A National Credit Authority would not determine policy but be responsible for producing a proper and
correct set of accounts on which policy could be based. A Balance Sheet produced by the Authority would
be the absolute determinant of financial policy rather than allow politicians to determine policy on their
own, quite often, mistaken judgements. The Commonwealth of Australia Constitution Act (Chapter 1. Part
V. Section 51) gives full power to the Federal and States Government to control the source and creation of
currency, coinage and the issue of paper money as legal tender. A vital constitutional aspect to be observed
is that in respect of the whole question of money, the Commonwealth has no exclusive power, but power in
conjunction with the states. It has powers with respect to all banks except State Banks.
Two major accounts that could be kept by the Authority would be a National Resources, Capital and
Wealth Account. This would show the resources and ability of Australia as a going concern to produce
wealth and capital when, as, and where desired. The second account should be a National Credit Account
indicating the extent to which those resources were being drawn upon, and the extent of the liabilities and
debts outstanding against the assets of the community.
The Resources Account would be credited initially with the estimated value of the resources of the nation,
and periodically, with the value of all current production, appreciation and imports, and debited with all
consumption, depreciation, obsolescence and exports during the same period of time. The Credit Account
would show the extent to which the banks had issued liabilities against the resources and the value of all
credit instruments and Government Bonds, etc.
A National Balance Sheet would differ from an ordinary balance sheet in two ways. Firstly, apart from
foreign moneys held overseas, no money would appear as an asset except as a monetized figure
representing the difference between the real assets and liabilities representing the difference in balances.

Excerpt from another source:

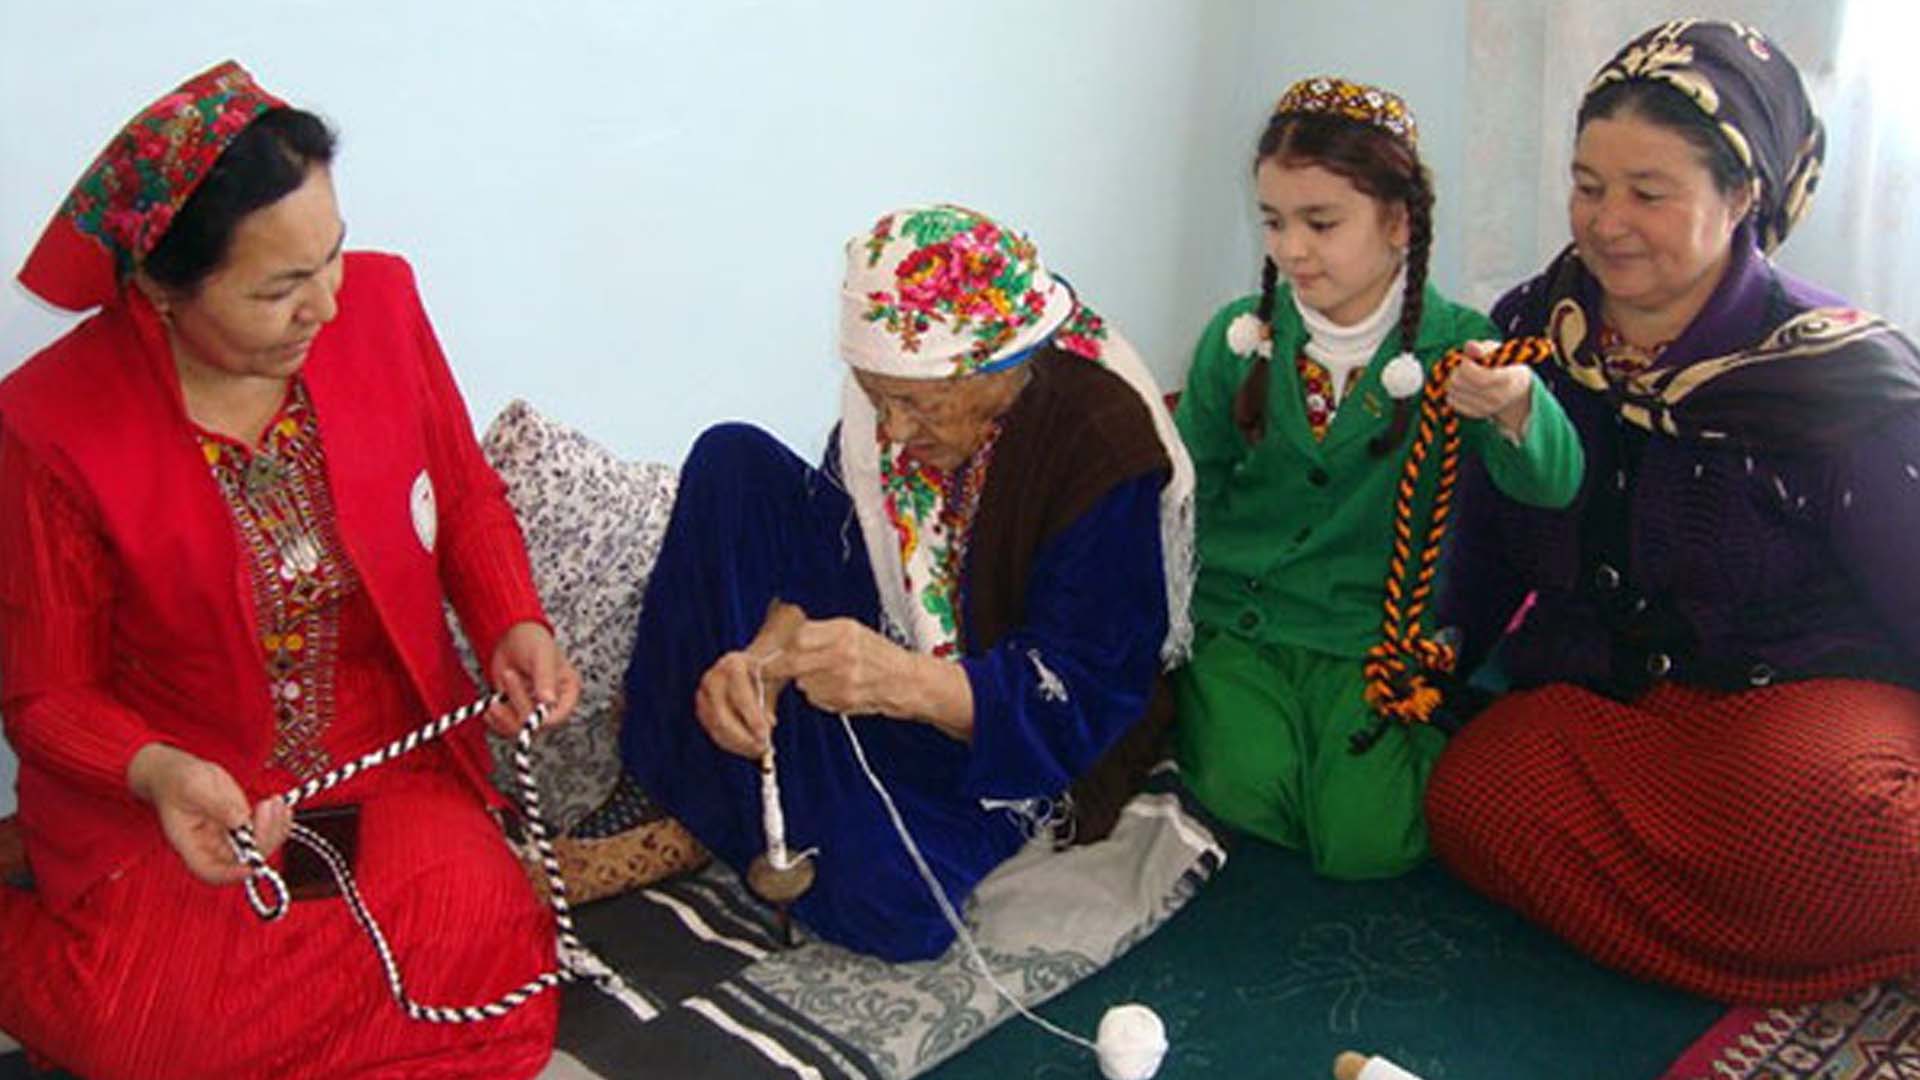 A Turkmen official denied discrimination against women

The resources, accumulated capital and wealth of the community would far exceed the total of all
liabilities. This difference is the accumulated resources of society, and the embodiment of the Cultural
Inheritance, which give value to all credit by whomsoever created and issued.
At present, this Cultural Inheritance cannot be used by the Community who are its rightful beneficiaries
because it is not monetised. As soon as we have a balance sheet however, it will be seen that this surplus of
assets over liabilities can be monetised and distributed to the community in whatever way deemed desirable
so that consumption may keep pace with production, and so enable a continuous expansion of production.
This surplus is the physical source from which the community pays necessary expenditures. With a national
accounting it would be evident that such services need no longer be paid for by taxation, which would only
exist for purposes of economic control e.g. to control inflation.
For the first time Australia would become a Co-operative Commonwealth which would distribute a
dividend to all its citizens instead of resembling a tin mine which, instead of distributing dividends,
continually makes calls on its shareholders.
The purpose of the following illustrations of the ways in which the Reserve Bank may finance the nation is
to make explicit the principles of action, not to design a programme. Information from the Accounts
provided by the Credit Authority will indicate the necessary new credit that can be issued The ways in
which loans may be made to Government Instrumentalities simply suggest the application of the principles
of true costing and pricing and the rate at which credit should be recalled. That is to say that loans could be
provided to Local Authorities interest free but with a nominal service charge over, for instance, a ten year
period. This would allow Local Authorities to either repay existing debt and thus reduce their interest
costs, or to finance new capital works. The loan would not be able to be used for maintenance or current
It is assumed that the Reserve Bank will finance the works programmes of the governments in a similar
manner. It should be emphasised that the Community and their Political Representatives must have a much
greater control over the Governments, the Civil Services, and the Financial Authorities. To give the
Governments absolute control over credit policy instead of making a Balance Sheet the determinant of
financial and national policy, is to head straight for an Authoritarian State.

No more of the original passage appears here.